Your objective:
Give the data again word for word; drop the pictures.

Data provided:
------------------------------

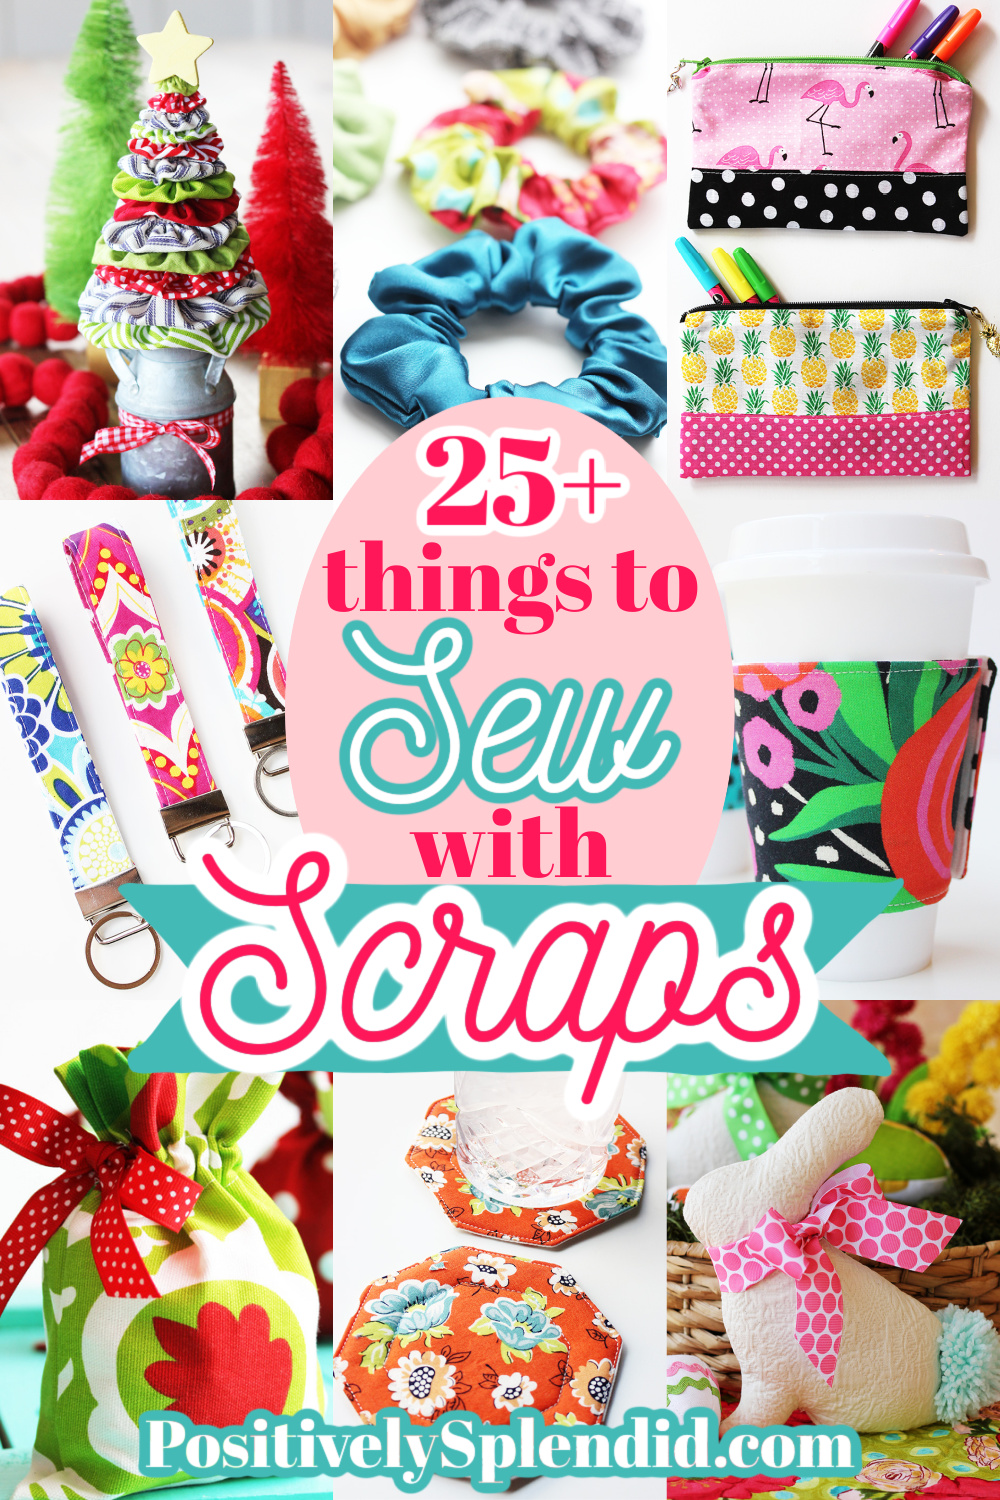 20+ Gifts to Sew with your Scrap Fabric
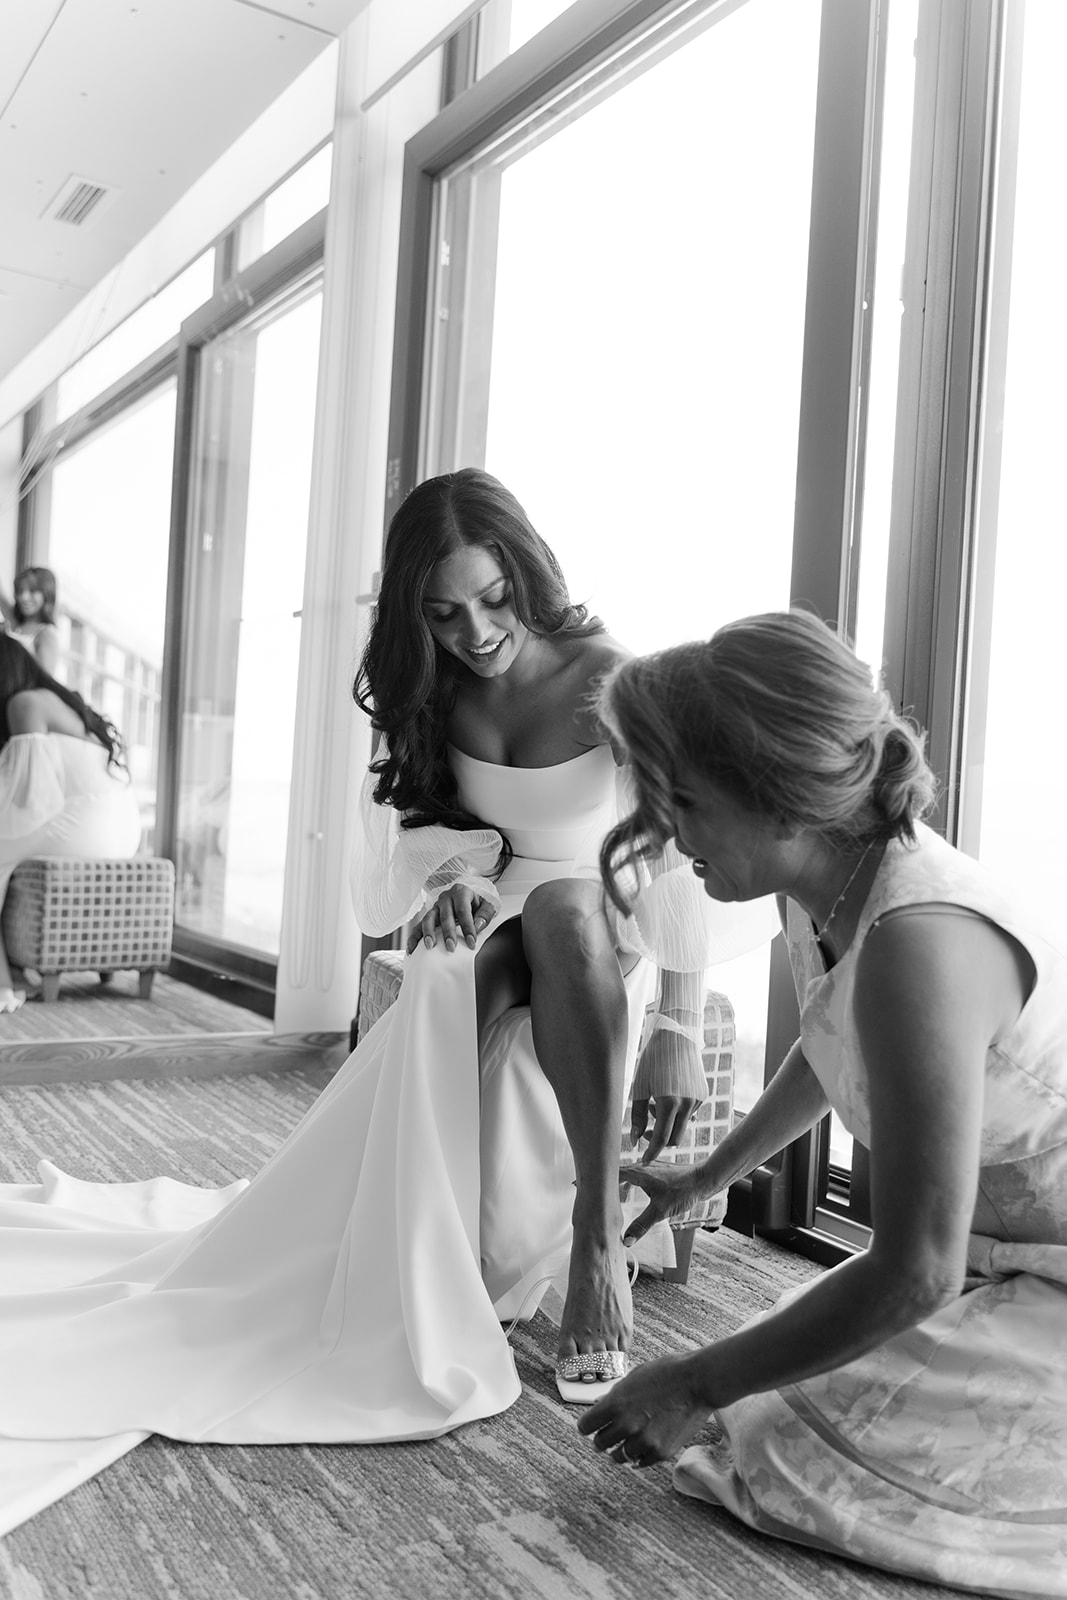 Details of putting on her wedding dress
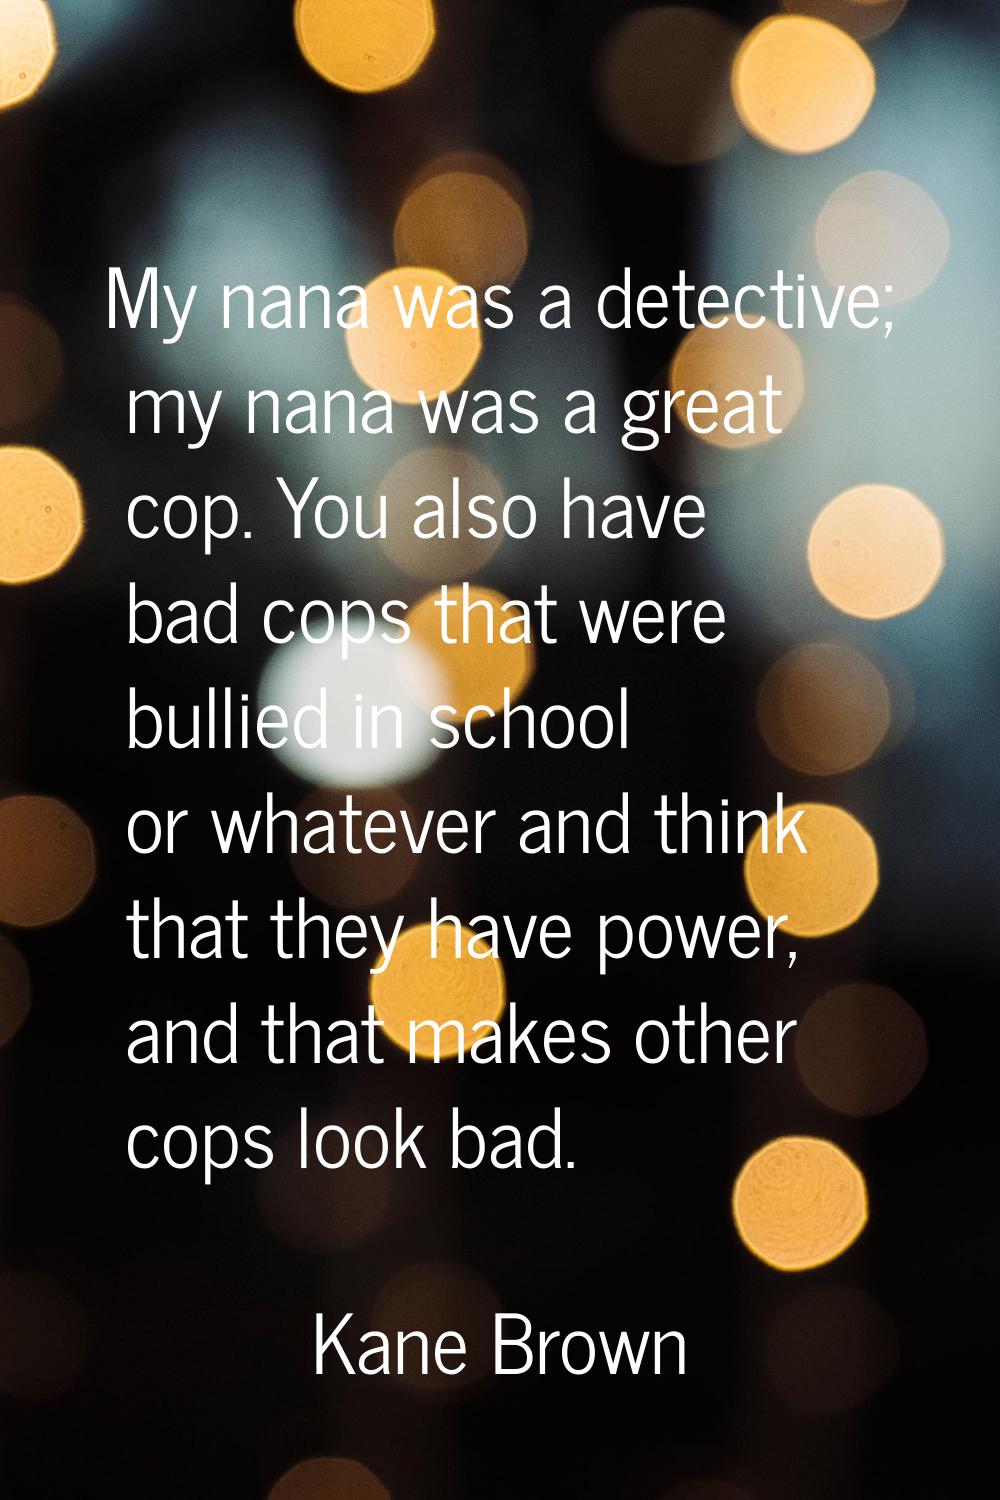 My nana was a detective; my nana was a great cop. You also have bad cops that were bullied in schoo

------------------------------

Worked solution:
 20+ Gifts to Sew with your Scrap Fabric
 Details of putting on her wedding dress
 My nana was a detective; my nana was a great cop. You also have bad cops that were bullied in schoo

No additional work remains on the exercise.